The Jackie Harlan Detective Agency was the best and the most expensive team of detectives money could buy. Their specialty was finding missing people, from newborn babies given up for adoption, to kidnapped toddlers, and on up to the elderly, even if it meant exhuming a buried body.
Normally, Jackie’s three-person team worked out of hotel rooms, but now that Jackie and Carl were married, Michael met the woman of his dreams, and they’d finally located Jackie’s missing son, the agency’s home base was in Alexandria, VA. Their office was located in the spacious family room in the home Carl built for Jackie. It had three desks, a conference table, a massive amount of every kind of technology on the market, and a water cooler. On three of the four walls were fifteen monitors, each showing a different webcam view. With over a hundred thousand people missing in the United States on any given day, the team never lacked for work. Wealthy in their own right, it wasn’t the money anymore after years of being in business, it was the joy of finding missing people alive. Unfortunately, that didn’t happen often.
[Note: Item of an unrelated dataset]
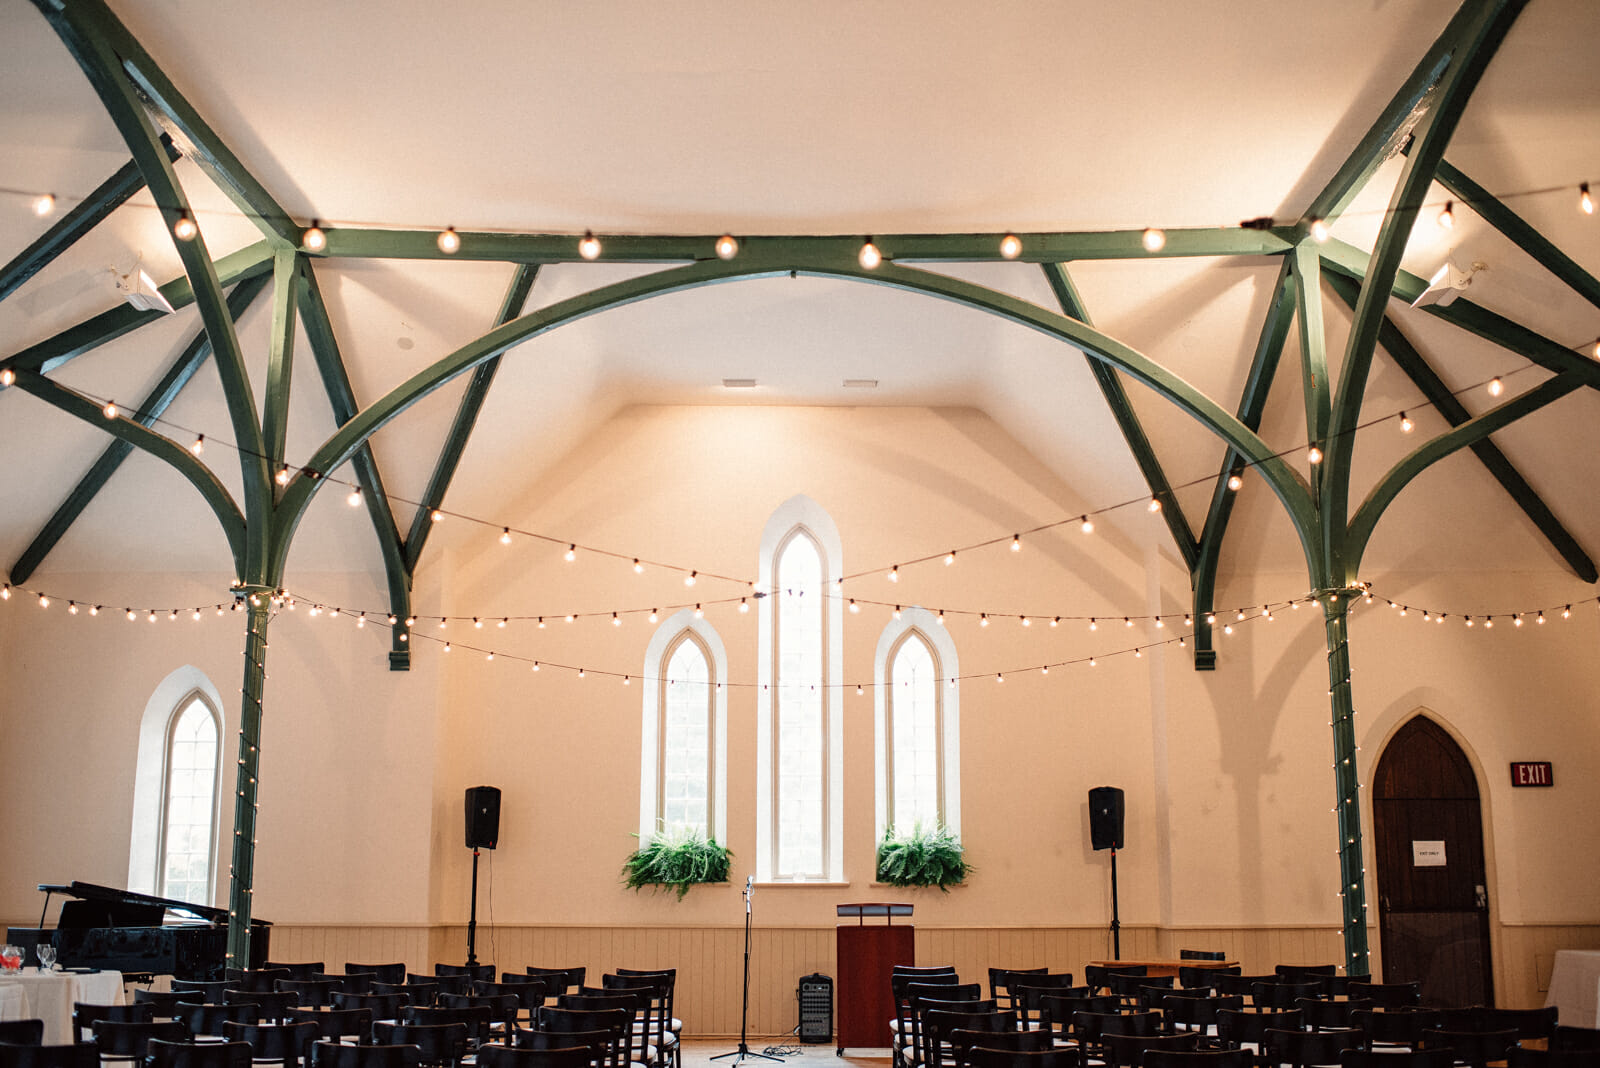 enoch turner schoolhouse set up for wedding ceremony

It was late Friday night when Jackie got a call on the cellphone reserved only for her affluent clients. She answered, listened for nearly a minute, quoted her usual retainer fee, and then disconnected the call.
“Who was that?” Carl asked, as Jackie turned off the table lamp on her side of the bed and snuggled close to him. “An old friend, Senator Jaddel.”
“Really? Who’s missing?”
“He’s hiring us to find Russell Summers.”
“Russell Summers? Why does that name sound familiar?”
“He worked with Morgan Ashton at the Skaldeck Foundation. According to our client, he went missing three years ago.”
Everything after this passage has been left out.